Understanding the Nervous System, Sensory Sensitivity, and the Need for Safety


By Leigh Milne, Psychologist

Living with Anxiety from a Neurodivergent Perspective
Living with Anxiety from a Neurodivergent Perspective

Anxiety is often described as something that should be reduced, managed, or overcome.

However, for many neurodivergent individuals, including those with ADHD, autism, sensory processing differences, or other forms of neurodivergence, anxiety can be a more complex experience.

Rather than being simply a symptom or disorder, anxiety may reflect the way a person's nervous system processes and responds to their environment.

From a trauma-informed and neurodivergent-affirming perspective, anxiety is often best understood as a protective response rather than a personal failing.



Understanding Neurodivergent Anxiety

Neurodivergent individuals frequently experience the world differently from neurotypical individuals.

This may involve increased sensitivity to:

  • sensory input such as noise, light, touch, smells, or crowded environments

  • social interactions and interpersonal dynamics

  • uncertainty and unexpected change

  • emotional experiences

  • internal bodily sensations

As a result, the nervous system may need to process significantly more information throughout the day.

Research suggests that for many neurodivergent individuals, this can contribute to increased levels of stress, fatigue, overwhelm, and anxiety.


Anxiety as a Protective Response

From a nervous system perspective, anxiety often serves an important purpose.

It attempts to:

  • prepare for uncertainty

  • identify potential risks

  • anticipate challenges

  • prevent overwhelm

  • maintain a sense of safety and control

For individuals who have repeatedly experienced misunderstanding, bullying, social exclusion, sensory overload, or chronic stress, the nervous system may learn to remain highly alert.

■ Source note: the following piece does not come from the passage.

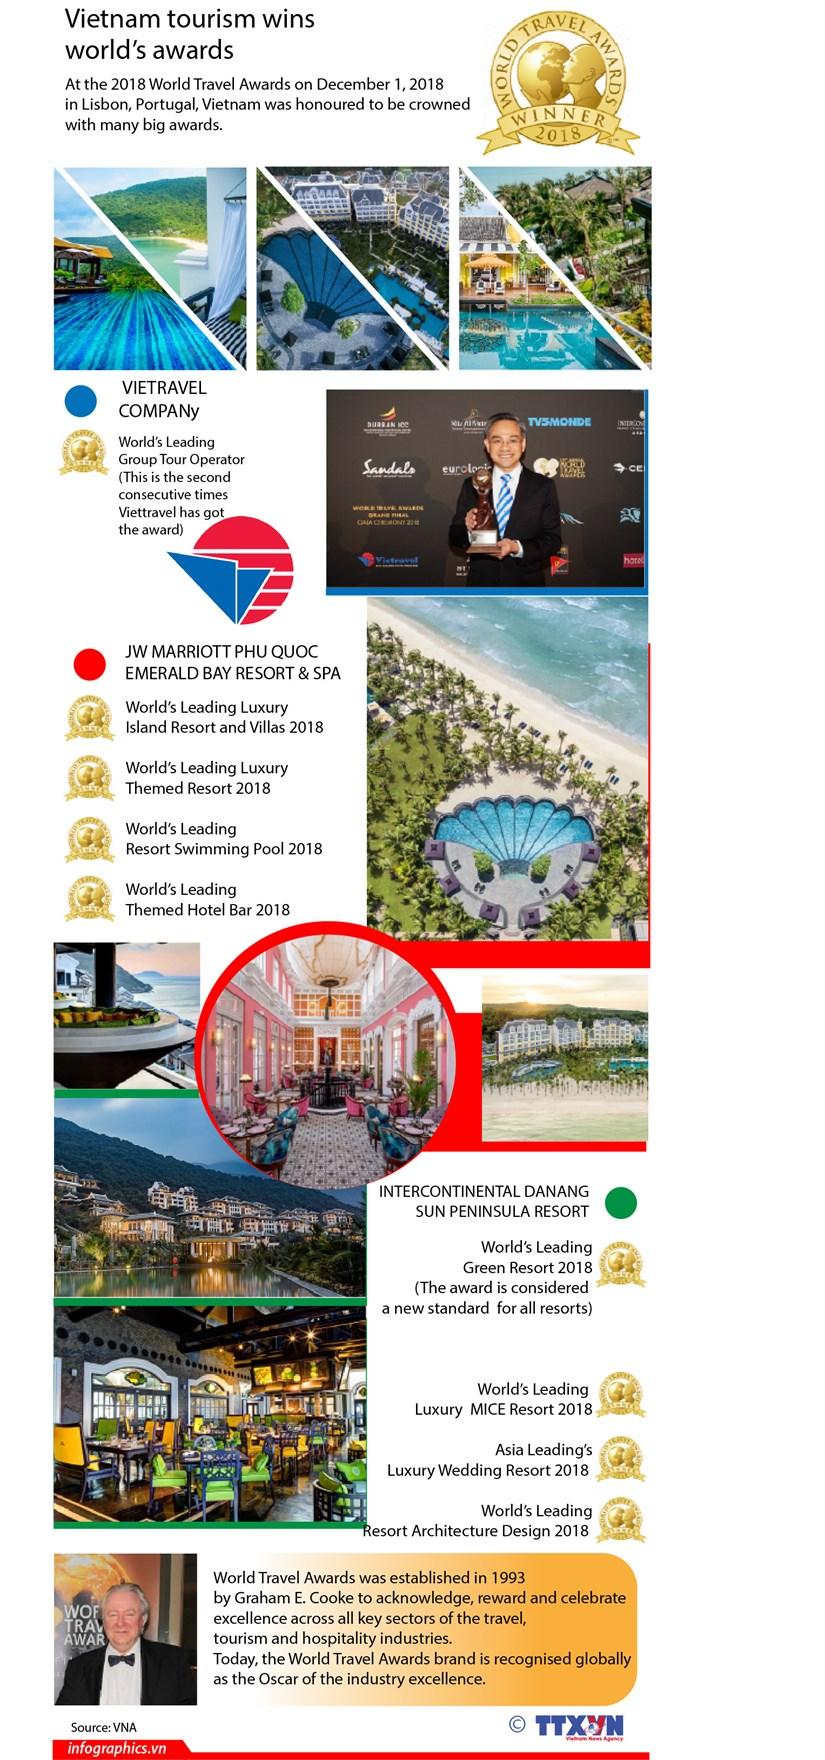 Vietnam tourism wins world's awards hinh anh 1
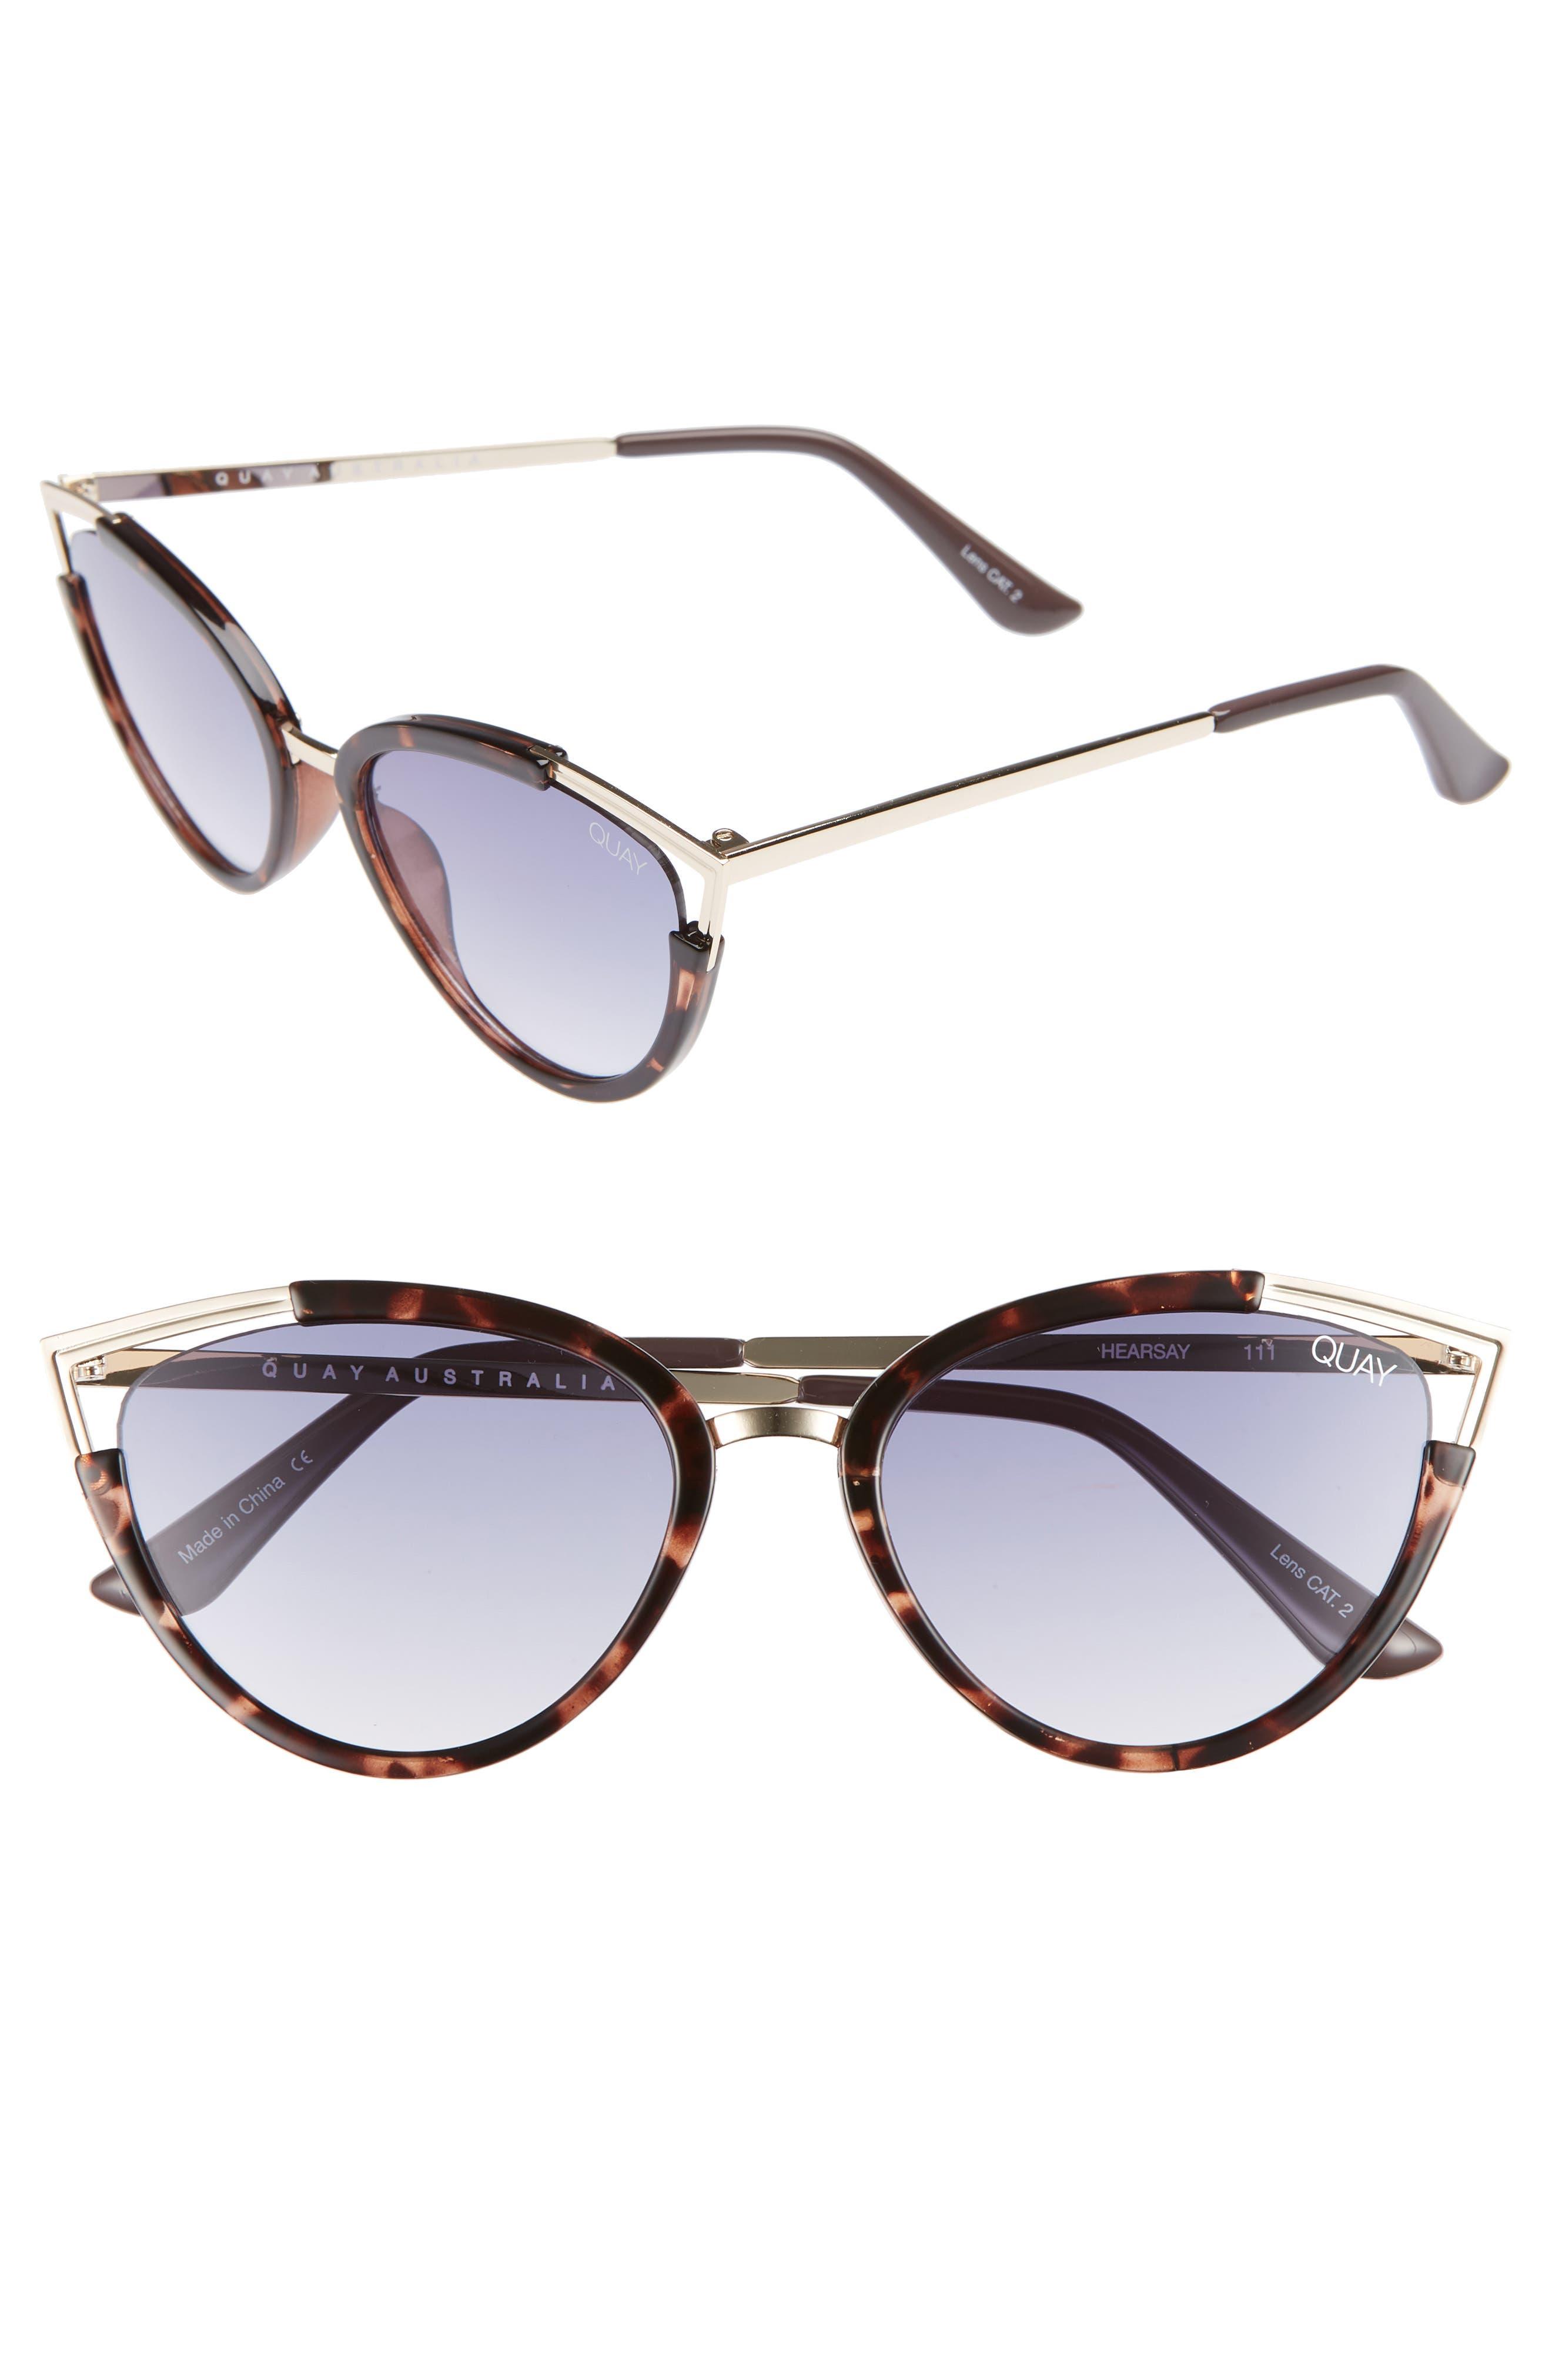 Hearsay 65mm Cat Eye Sunglasses,                             Main thumbnail 1, color,                             TORT/ NAVY

In this context, anxiety is not necessarily dysfunction.

It may represent an adaptive strategy that has developed in response to life experiences.


The Impact of Masking

Many neurodivergent individuals learn to mask their natural behaviours, preferences, or communication styles in order to fit social expectations.

Masking may involve:

  • suppressing natural responses

  • carefully monitoring behaviour

  • forcing eye contact

  • rehearsing conversations

  • hiding sensory discomfort

  • mimicking social behaviours

While masking can sometimes help individuals navigate social situations, it often comes at a significant psychological and physiological cost.

Research increasingly links prolonged masking with:

  • increased anxiety

  • exhaustion

  • burnout

  • reduced self-esteem

  • feelings of disconnection from one's authentic self

Many people appear calm and capable on the outside while experiencing considerable stress internally.


When the Nervous System Becomes Overwhelmed

Anxiety can manifest differently from person to person.

Some common experiences include:

  • racing thoughts

  • excessive worry

  • difficulty relaxing

  • physical tension

  • restlessness

  • irritability

  • sleep difficulties

  • emotional overwhelm

  • shutdown following overstimulation

  • increased sensitivity to change or uncertainty

These experiences are not signs of weakness.

They often reflect a nervous system attempting to manage competing demands while maintaining safety.


The Connection Between Trauma and Neurodivergence

Not all neurodivergent individuals have experienced trauma.

However, many report repeated experiences of misunderstanding, exclusion, criticism, bullying, or feeling different from others.

Over time, these experiences can influence:

  • self-esteem

  • trust in relationships

  • emotional regulation

  • nervous system functioning

  • perceptions of safety

A trauma-informed approach recognises that anxiety may be influenced by both neurobiology and life experiences.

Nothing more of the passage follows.